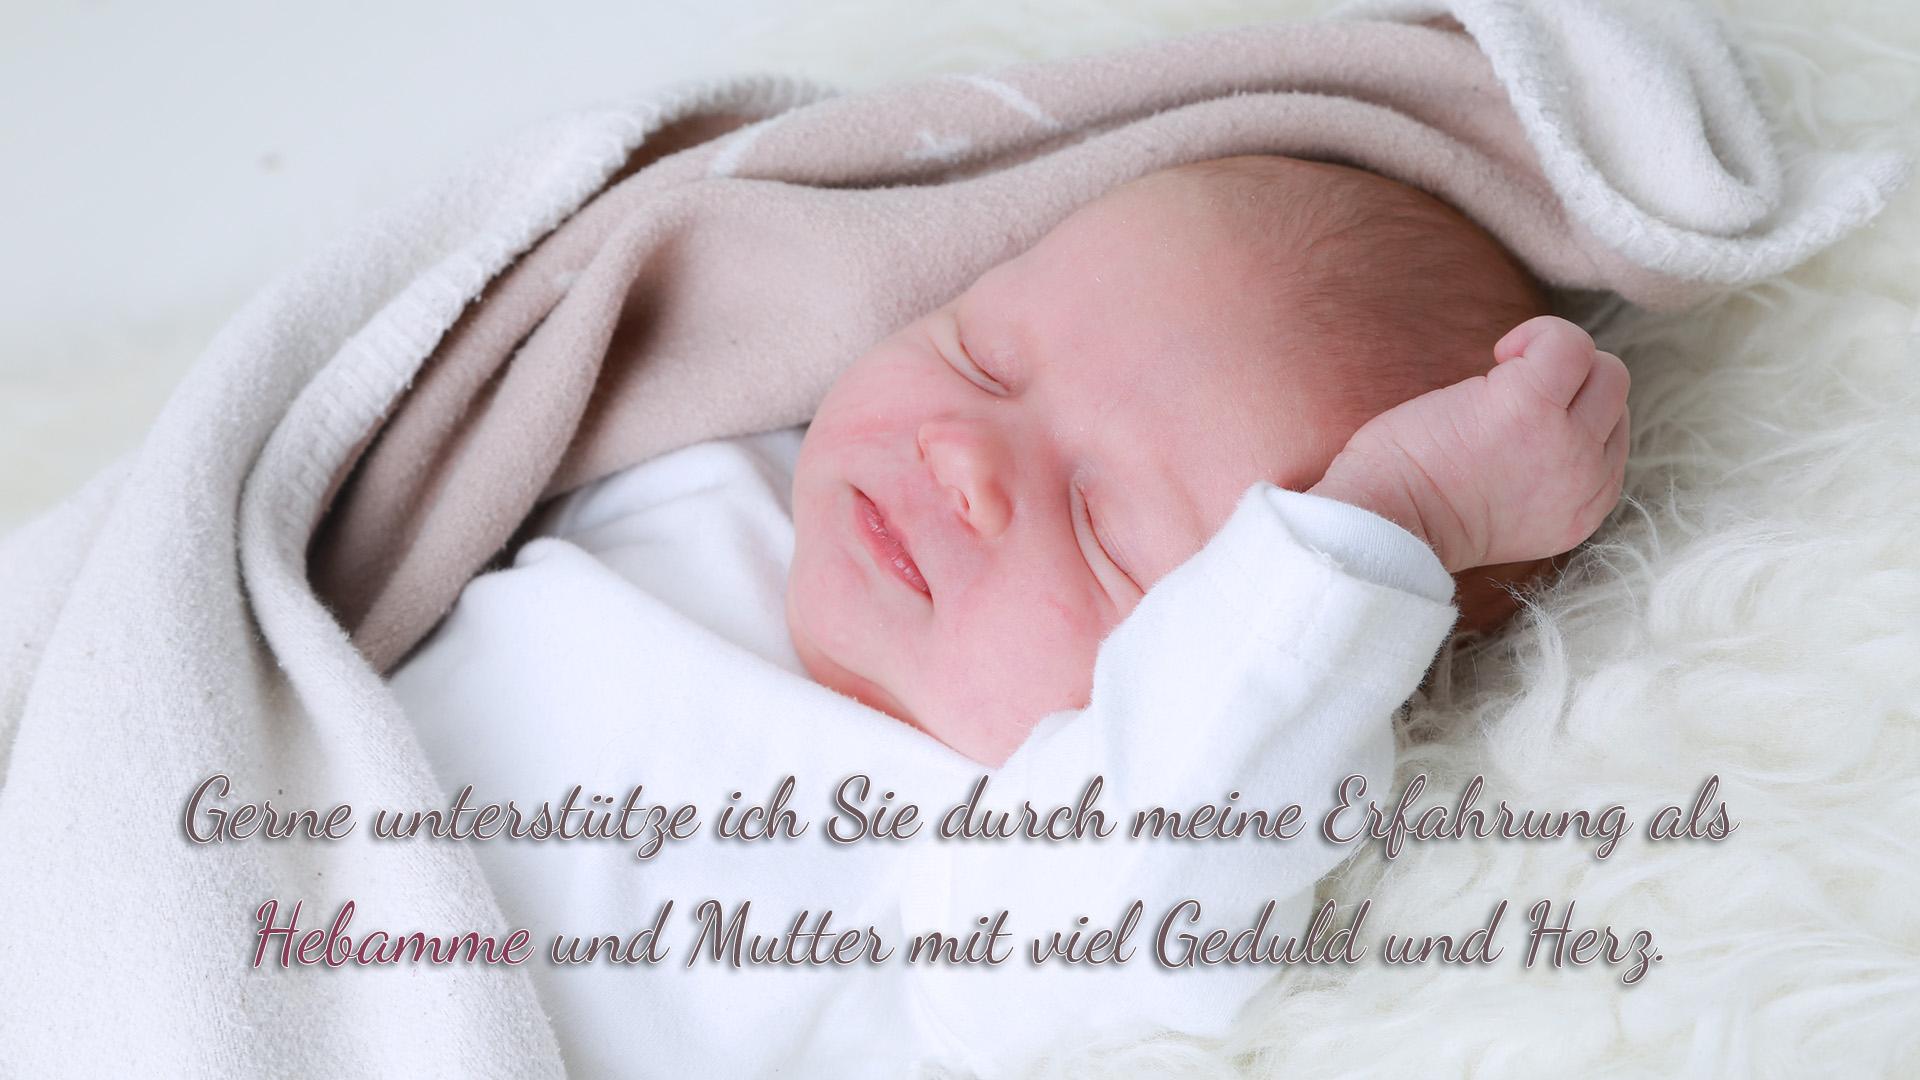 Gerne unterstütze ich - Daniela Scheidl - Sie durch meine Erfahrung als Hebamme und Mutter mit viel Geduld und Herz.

...

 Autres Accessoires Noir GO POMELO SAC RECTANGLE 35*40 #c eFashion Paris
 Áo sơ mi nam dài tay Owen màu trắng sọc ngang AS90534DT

> **TASK OBJECTIVE**: Could you set down, word for word, only the lines above from the line with "Autres Accessoires Noir" to the line with "Áo sơ mi nam", including both?

> **REPLY**:
 Autres Accessoires Noir GO POMELO SAC RECTANGLE 35*40 #c eFashion Paris
 Áo sơ mi nam dài tay Owen màu trắng sọc ngang AS90534DT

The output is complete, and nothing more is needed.